# PROBLEM DETAILS
Copy out every line of the listing in which "Illustration" appears.

# DATASET EXTRACT

⁂

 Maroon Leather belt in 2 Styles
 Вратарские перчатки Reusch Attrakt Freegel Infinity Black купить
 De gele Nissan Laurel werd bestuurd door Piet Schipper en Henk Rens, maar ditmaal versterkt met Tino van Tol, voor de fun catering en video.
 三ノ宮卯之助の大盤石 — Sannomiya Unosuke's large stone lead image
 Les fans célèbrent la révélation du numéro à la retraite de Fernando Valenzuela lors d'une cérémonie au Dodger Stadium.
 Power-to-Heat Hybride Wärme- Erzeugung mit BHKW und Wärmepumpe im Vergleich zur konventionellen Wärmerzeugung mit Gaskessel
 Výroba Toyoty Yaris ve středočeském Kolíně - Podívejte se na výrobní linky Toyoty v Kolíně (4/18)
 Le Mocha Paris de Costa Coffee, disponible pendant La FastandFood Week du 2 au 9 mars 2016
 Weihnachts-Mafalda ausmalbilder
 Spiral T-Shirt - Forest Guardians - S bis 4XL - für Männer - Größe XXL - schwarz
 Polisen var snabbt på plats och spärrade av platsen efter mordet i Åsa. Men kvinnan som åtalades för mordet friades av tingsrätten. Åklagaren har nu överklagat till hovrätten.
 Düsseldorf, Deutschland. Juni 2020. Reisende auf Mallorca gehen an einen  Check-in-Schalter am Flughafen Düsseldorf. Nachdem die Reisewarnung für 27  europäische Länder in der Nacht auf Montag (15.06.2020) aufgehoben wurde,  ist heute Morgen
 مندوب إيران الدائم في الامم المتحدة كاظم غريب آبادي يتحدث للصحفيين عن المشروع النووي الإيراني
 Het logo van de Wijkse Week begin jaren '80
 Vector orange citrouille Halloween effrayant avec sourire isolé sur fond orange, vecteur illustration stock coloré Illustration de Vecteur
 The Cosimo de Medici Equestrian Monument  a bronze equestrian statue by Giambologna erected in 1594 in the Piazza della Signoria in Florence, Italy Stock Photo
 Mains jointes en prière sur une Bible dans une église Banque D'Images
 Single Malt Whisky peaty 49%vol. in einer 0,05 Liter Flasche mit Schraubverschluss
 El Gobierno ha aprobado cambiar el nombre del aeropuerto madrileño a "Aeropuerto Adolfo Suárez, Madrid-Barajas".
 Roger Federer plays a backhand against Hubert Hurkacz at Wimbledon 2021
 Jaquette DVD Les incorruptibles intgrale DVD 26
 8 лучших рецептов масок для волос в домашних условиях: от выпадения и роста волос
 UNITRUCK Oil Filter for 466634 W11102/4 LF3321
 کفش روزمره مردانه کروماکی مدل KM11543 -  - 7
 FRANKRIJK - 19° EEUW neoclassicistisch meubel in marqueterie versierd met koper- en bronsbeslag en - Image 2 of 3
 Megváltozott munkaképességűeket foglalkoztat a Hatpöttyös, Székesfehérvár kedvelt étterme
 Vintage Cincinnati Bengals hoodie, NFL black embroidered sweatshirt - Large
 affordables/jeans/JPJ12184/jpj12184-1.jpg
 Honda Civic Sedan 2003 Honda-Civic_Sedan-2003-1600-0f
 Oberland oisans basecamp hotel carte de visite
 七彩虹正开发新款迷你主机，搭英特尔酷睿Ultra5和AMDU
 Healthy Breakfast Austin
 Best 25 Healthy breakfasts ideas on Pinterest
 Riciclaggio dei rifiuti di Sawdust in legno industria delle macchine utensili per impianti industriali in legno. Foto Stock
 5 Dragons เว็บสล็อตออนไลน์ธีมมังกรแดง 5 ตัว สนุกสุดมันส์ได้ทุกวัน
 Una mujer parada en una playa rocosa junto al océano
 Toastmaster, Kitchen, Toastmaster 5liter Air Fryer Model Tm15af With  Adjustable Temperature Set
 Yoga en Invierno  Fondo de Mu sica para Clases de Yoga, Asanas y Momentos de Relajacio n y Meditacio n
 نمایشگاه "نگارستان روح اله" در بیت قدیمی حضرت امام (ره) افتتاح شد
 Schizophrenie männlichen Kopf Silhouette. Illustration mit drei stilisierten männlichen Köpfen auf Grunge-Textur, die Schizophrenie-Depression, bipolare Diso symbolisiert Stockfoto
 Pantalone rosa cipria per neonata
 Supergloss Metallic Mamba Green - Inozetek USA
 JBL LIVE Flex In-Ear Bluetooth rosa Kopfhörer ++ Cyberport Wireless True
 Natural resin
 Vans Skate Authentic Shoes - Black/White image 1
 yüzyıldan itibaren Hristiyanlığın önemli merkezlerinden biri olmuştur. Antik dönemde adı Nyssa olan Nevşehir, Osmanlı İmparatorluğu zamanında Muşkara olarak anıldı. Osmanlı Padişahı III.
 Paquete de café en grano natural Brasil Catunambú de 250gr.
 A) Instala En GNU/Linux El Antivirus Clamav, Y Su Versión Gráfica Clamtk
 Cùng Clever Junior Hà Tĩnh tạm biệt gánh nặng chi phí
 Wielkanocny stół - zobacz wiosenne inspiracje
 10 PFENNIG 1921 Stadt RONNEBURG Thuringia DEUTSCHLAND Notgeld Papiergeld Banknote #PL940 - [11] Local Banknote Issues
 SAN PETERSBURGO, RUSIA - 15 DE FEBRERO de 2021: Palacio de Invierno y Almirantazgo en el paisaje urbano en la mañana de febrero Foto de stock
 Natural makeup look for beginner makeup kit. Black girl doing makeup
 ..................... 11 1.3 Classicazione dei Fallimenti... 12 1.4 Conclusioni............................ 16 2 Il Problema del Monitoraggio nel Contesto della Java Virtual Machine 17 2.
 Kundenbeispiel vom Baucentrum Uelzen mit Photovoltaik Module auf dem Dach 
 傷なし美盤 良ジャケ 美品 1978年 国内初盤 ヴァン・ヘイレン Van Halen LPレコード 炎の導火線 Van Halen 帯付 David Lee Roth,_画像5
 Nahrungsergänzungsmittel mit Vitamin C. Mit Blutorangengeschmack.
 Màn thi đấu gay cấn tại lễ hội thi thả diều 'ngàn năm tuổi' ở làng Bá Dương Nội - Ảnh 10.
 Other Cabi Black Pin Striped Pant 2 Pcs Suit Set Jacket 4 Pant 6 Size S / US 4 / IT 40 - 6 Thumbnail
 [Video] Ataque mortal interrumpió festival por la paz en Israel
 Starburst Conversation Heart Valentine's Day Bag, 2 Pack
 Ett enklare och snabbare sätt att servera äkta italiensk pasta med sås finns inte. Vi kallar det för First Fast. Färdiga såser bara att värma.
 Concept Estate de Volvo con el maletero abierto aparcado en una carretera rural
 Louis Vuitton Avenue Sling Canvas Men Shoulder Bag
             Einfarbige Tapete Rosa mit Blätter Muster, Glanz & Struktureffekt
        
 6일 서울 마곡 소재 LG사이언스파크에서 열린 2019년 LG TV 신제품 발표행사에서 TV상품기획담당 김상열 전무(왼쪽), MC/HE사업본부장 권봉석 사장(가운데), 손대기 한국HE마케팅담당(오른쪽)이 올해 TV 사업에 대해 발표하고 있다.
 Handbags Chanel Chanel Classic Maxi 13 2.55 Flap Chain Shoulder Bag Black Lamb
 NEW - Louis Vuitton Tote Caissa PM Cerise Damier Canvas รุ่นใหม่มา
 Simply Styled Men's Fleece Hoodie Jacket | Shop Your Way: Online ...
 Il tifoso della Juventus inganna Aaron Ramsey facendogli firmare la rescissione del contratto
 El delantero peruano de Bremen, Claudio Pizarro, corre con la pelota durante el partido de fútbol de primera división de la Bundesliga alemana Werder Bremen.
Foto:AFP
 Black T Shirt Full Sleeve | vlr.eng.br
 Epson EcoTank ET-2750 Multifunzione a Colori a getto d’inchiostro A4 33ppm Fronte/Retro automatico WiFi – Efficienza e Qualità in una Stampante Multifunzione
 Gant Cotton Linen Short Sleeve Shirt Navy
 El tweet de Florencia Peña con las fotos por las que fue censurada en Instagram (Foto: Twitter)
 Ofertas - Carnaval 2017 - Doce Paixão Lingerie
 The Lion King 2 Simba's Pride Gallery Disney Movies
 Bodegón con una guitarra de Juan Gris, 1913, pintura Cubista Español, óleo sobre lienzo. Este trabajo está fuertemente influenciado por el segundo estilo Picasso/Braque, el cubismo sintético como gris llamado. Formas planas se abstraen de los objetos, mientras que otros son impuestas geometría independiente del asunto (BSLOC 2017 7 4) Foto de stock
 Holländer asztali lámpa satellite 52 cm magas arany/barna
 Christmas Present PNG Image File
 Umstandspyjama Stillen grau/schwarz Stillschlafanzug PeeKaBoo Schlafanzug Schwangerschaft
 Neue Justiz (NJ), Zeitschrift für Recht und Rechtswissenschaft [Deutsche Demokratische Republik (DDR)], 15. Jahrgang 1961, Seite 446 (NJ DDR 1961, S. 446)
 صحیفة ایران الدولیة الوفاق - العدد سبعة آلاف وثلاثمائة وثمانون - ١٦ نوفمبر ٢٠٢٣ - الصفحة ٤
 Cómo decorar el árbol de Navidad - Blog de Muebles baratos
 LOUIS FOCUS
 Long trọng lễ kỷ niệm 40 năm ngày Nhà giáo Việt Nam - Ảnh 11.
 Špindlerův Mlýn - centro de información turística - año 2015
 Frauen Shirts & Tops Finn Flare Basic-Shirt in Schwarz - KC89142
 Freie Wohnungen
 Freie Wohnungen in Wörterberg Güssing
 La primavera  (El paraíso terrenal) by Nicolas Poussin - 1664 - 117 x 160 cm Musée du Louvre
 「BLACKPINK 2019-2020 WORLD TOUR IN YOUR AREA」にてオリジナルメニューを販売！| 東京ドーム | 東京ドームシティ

⁂

# ANSWER FOR THE TASK
 Vector orange citrouille Halloween effrayant avec sourire isolé sur fond orange, vecteur illustration stock coloré Illustration de Vecteur
 Schizophrenie männlichen Kopf Silhouette. Illustration mit drei stilisierten männlichen Köpfen auf Grunge-Textur, die Schizophrenie-Depression, bipolare Diso symbolisiert Stockfoto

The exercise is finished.